Five Eyes intelligence warns of AI for devastating cyberattacks emerging within months
Five Eyes intelligence warns of AI for devastating cyberattacks emerging within months
June 23 2026, 05:47 AM • 1376 views
The intelligence services of the Five Eyes countries warned in a joint statement that advanced AI models will emerge in months, not years, accelerating cyber threats. They called on leaders to act now, emphasizing that cyber risk has become a primary business risk.
Powerful artificial intelligence models capable of devastating new cyberattacks on governments and businesses will emerge in just a few months, intelligence agencies of the Five Eyes countries warn in a rare joint statement, urging leaders to "act now," writes UNN citing The Guardian.
The unexpected public intervention by the signal intelligence agencies of Australia, the United States, the United Kingdom, New Zealand, and Canada comes after the Trump administration earlier this month decided to ban "foreign nationals" from using the highly publicized artificial intelligence model created by the technology company Anthropic, called Fable.
The statement says that while artificial intelligence "will help us improve cyber defense over time, it also accelerates the speed, scale, and complexity of cyber threats."
Advanced artificial intelligence models are expected to surpass current industry expectations, fundamentally transforming both offensive and defensive cyber capabilities.
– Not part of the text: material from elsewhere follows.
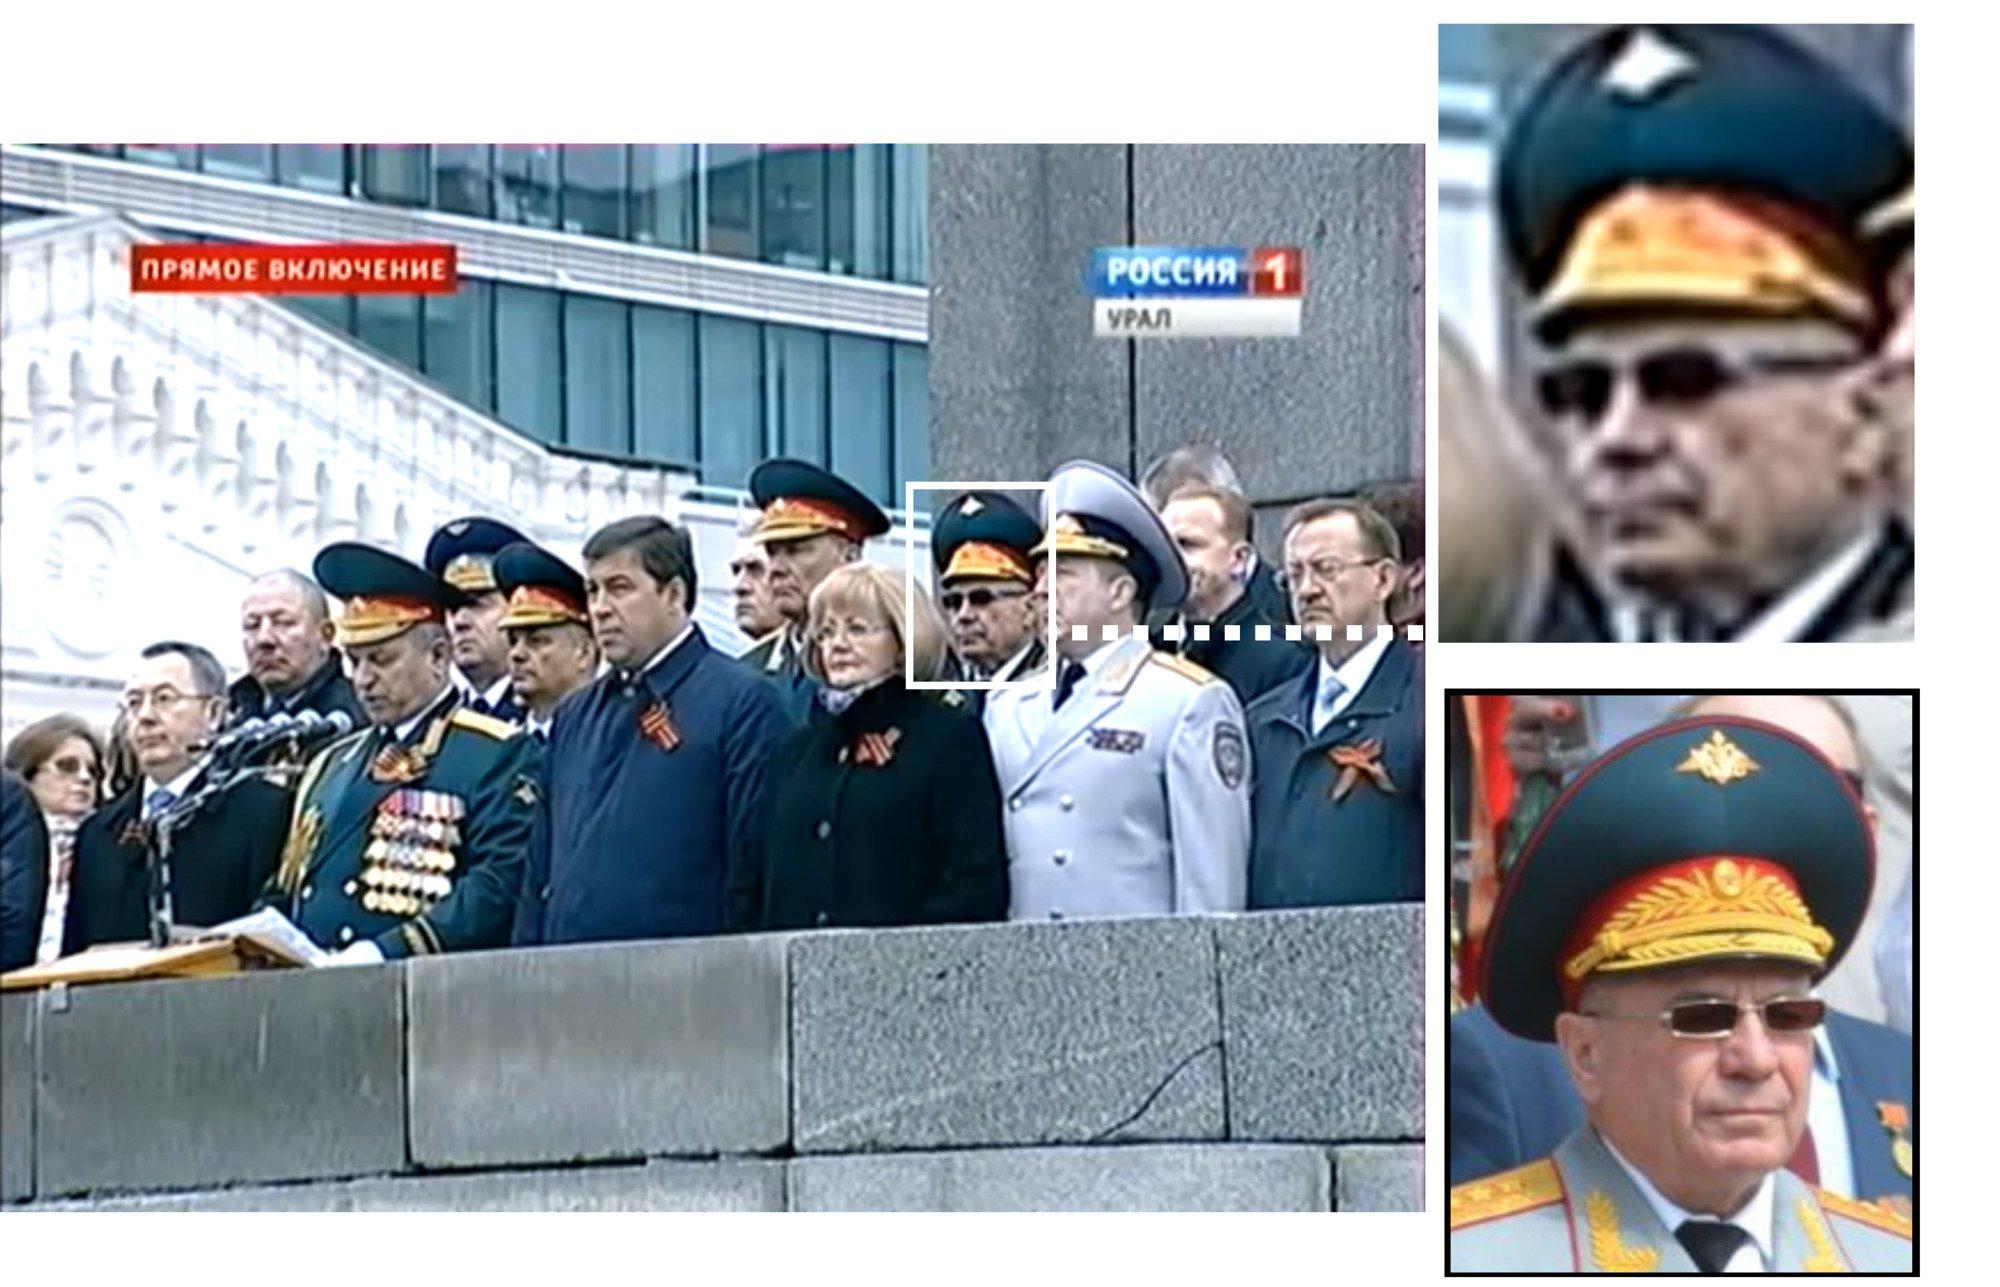 Генерал Ткачов на параді в Єкатеринбурзі 9 травня 2014 року

The timeline is not years, but months
"In this environment, cyber resilience is an integral part of promoting business continuity, market confidence, and long-term value," the statement said.
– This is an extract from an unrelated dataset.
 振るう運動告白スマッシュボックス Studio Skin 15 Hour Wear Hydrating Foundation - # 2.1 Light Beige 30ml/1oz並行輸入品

The cybersecurity agencies stated that leaps in artificial intelligence models have shown that this technology will lower barriers for attackers and increase the speed and complexity of attacks.
"A whole-of-organization and whole-of-society response is needed," the statement continues. Five Eyes is an intelligence alliance formed by five countries after World War II.
"Cyber risk can no longer be viewed as a purely technical issue. It is a core business risk and a management responsibility," the statement notes.
Generative artificial intelligence models are powerful new tools capable of searching for vulnerabilities in cybersecurity systems, and they can help exploit those vulnerabilities as well as fix them.
"What is different about the latest [AI models] is that they are very good at generating exploits," said Olivia Shen, an expert on national security and artificial intelligence at the United States Studies Centre at the University of Sydney.
Although the Five Eyes statement does not mention any specific AI models or companies, many around the world have taken note of the cutting-edge level of Anthropic's tools.
One of the latest inventions of the major technology company is called Fable 5, supposedly a more community-friendly version of Mythos—a powerful artificial intelligence model released earlier this year, capable of detecting vulnerabilities in cyber systems, which is only available to verified organizations and companies due to concerns about its potential misuse.
Both Anthropic models were suspended for use by "foreign nationals" in June by the U.S. government, which cited recommendations from national security authorities.
Shen said much of the world is focused on what will happen next with Anthropic, but many more powerful AI models may not be far off.
"I think we should anticipate that the next Mythos or the next Fable is not far away," Shen said.
"We can only see what has been released, but there may be other models being developed by equally advanced countries like China, or by other states and other entities and companies," she added.
Recently, a claim spread online that Anthropic's Mythos model had breached almost all secret systems of the U.S. National Security Agency (NSA).
The claim came from Senator Mark Warner, vice chairman of the Senate Intelligence Committee. The Economist reported his account of what the NSA director told him.
Warner stated that General Joshua Rudd, who heads the NSA and U.S. Cyber Command, described the tool in stark terms.
"This tool broke almost all of our secret systems not in weeks, but in hours," The Economist wrote, citing Warner.
Warner cited this example to praise Anthropic, not to condemn it. He used it to justify the need for faster pre-testing of new models.
However, as noted in specialized media, the detail missing from the network is simple. It was an authorized "red team" test on the agency's networks, not an external intrusion.
Shashank Joshi, the Economist editor who published the quote, later cautioned against taking it literally. He said Mythos's effectiveness depends on it working in conjunction with other tools under specific conditions.
The U.S. government was already a partner of Mythos. Anthropic deployed this model for government cyber defenders as part of Project Glasswing back in April.
Analyst Kyle Chase noted that the breach was a test. He said the real trigger was a separate jailbreak flagged by Amazon.
Anthropic's statement confirms this. It says the mentioned jailbreak simply asked the model to read code and fix errors.
This method uncovered several minor, already known errors that competing models, such as OpenAI's GPT-5.5, could also detect.